Ohne Vorwarnung wurde die Mutter sofort abgeführt und in ein Krankenhaus nach Ostdeutschland abgeschoben. Da sie eine Hebammenausbildung abgeschlossen hatte, war es kein Problem für die Behörden, einen Arbeitsplatz für sie zu finden. Der Beruf der Hebamme war schon immer etwas sehr wertvolles.
Die Kinder – die als einzigen Besitz ihre Kleidung hatten, die sie auf dem Leib trugen - wurden voneinander getrennt und direkt von der Gerichtsbank in verschiedenen Familien untergebracht. Der Bruder Alfons kam in eine gut situierte, liebevolle Familie, während man meinen Vater bei einer Bauersfamilie unterbrachte, die selbst keine Kinder hatten. Die Bäuerin konnte keine Kinder bekommen. Auf diesem Bauerhof musste er sehr viel arbeiten. Sein Ziehvater Hermann war ein sehr strenger Mann, alles musste genau nach seinen Regeln ablaufen, sonst setzte es Schläge. Seine Ziehmutter Rosa war zwar eine sehr liebenswerte Person, aber sie hatte sich ihrem Mann unterzuordnen und getraute sich nicht, sich schützend vor das Kind zu stellen. Schließlich war sie von ihrem Mann abhängig. Sie hatte keinerlei Berufsausbildung.
Papa erzählte oft wie einsam er sich gefühlt hat und dass sein Pflegevater einiges von ihm abverlangte. Den Schulweg musste er ohne Schuhe laufen, denn er hatte schlichtweg keine. Auch im Winter ohne Schuhe und Socken gehen zu müssen kann man sich heute gar nicht mehr vorstellen. Es waren immerhin zwei Kilometer bis zu seiner Schule.

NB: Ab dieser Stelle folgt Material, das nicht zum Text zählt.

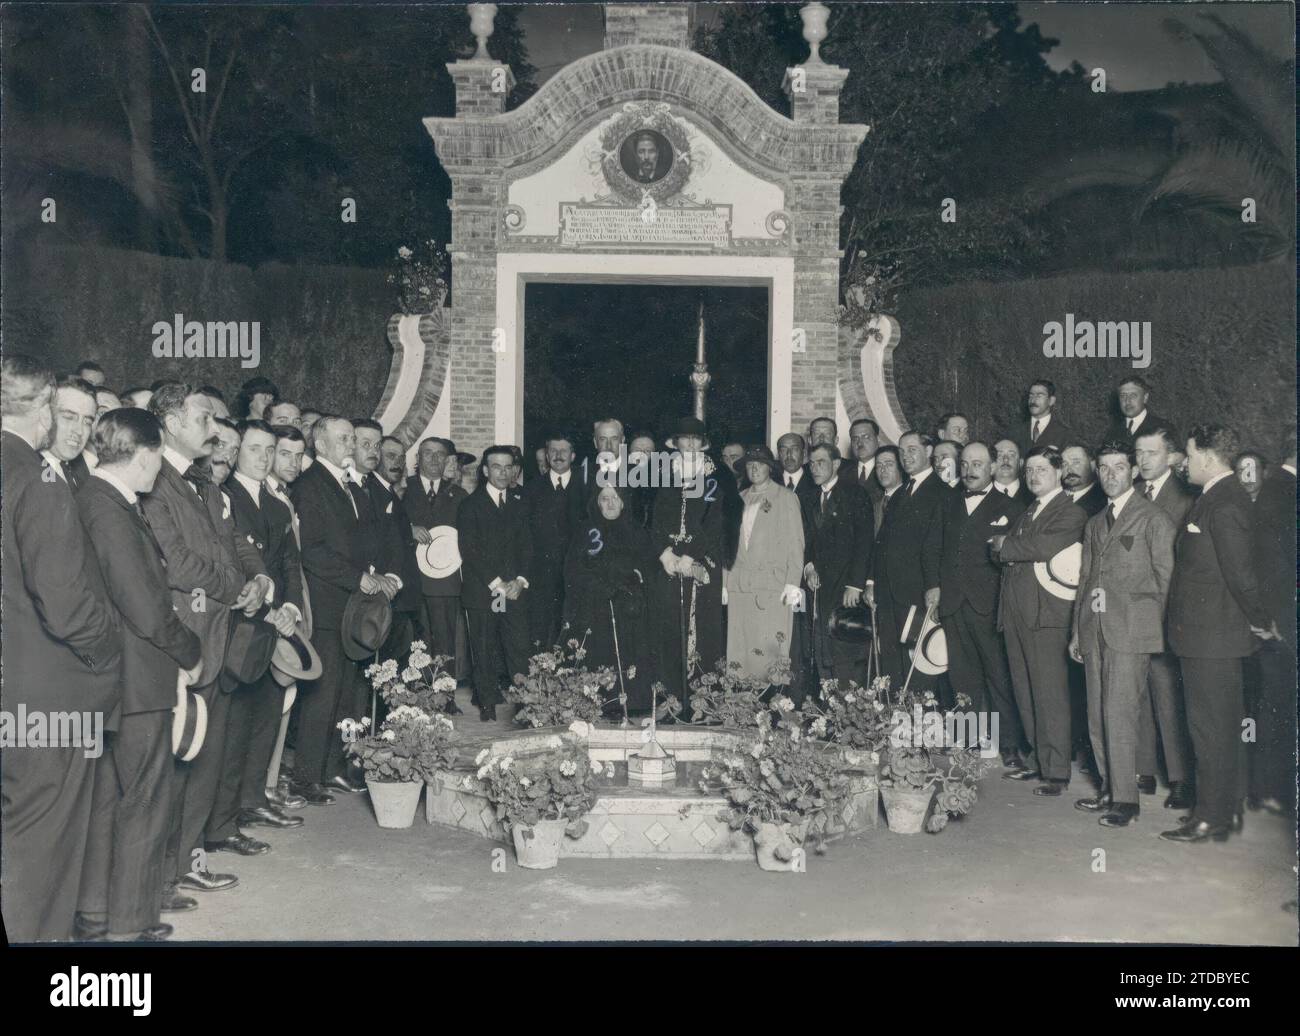 04/30/1923. Seville. In the Murillo Gardens. Ss.Aa. the Infantes D. Carlos (1) and Doña Luisa (2), with the widow of the famous painter José García y Ramos (3), at the inauguration of the gazebo to which the name of this artist has been given. Credit: Album / Archivo ABC / Juan Barrera Stock Photo

Die anderen Schulkinder hänselten ihn, weil er eben nicht wirklich zum Dorf gehörte und somit hatte er auch keine wirklichen Freunde, bis auf einen. Der hieß Otto. Den habe ich später auch noch kennengelernt und auch dessen Söhne. Leider starb Otto sehr früh an einem Herzinfarkt. Er war ein sehr warmherziger Mensch.
Dass solche Erlebnisse eine zarte Kinderseele traumatisieren und ihre Spuren hinterlassen, dürfte wohl jedem von uns klar sein.
Kurz vor Ende des zweiten Weltkrieges wurde er dann noch zum Wehrdienst eingezogen. Damals war er fünfzehn Jahre alt, kam dann noch kurz in französische Gefangenschaft und wurde dort mehrfach geschlagen und mißhandelt. Seit damals hasste er alle Franzosen. Aus dieser Zeit stammte wohl auch seine Pistole. Er nannte sie immer nur meine Null Acht.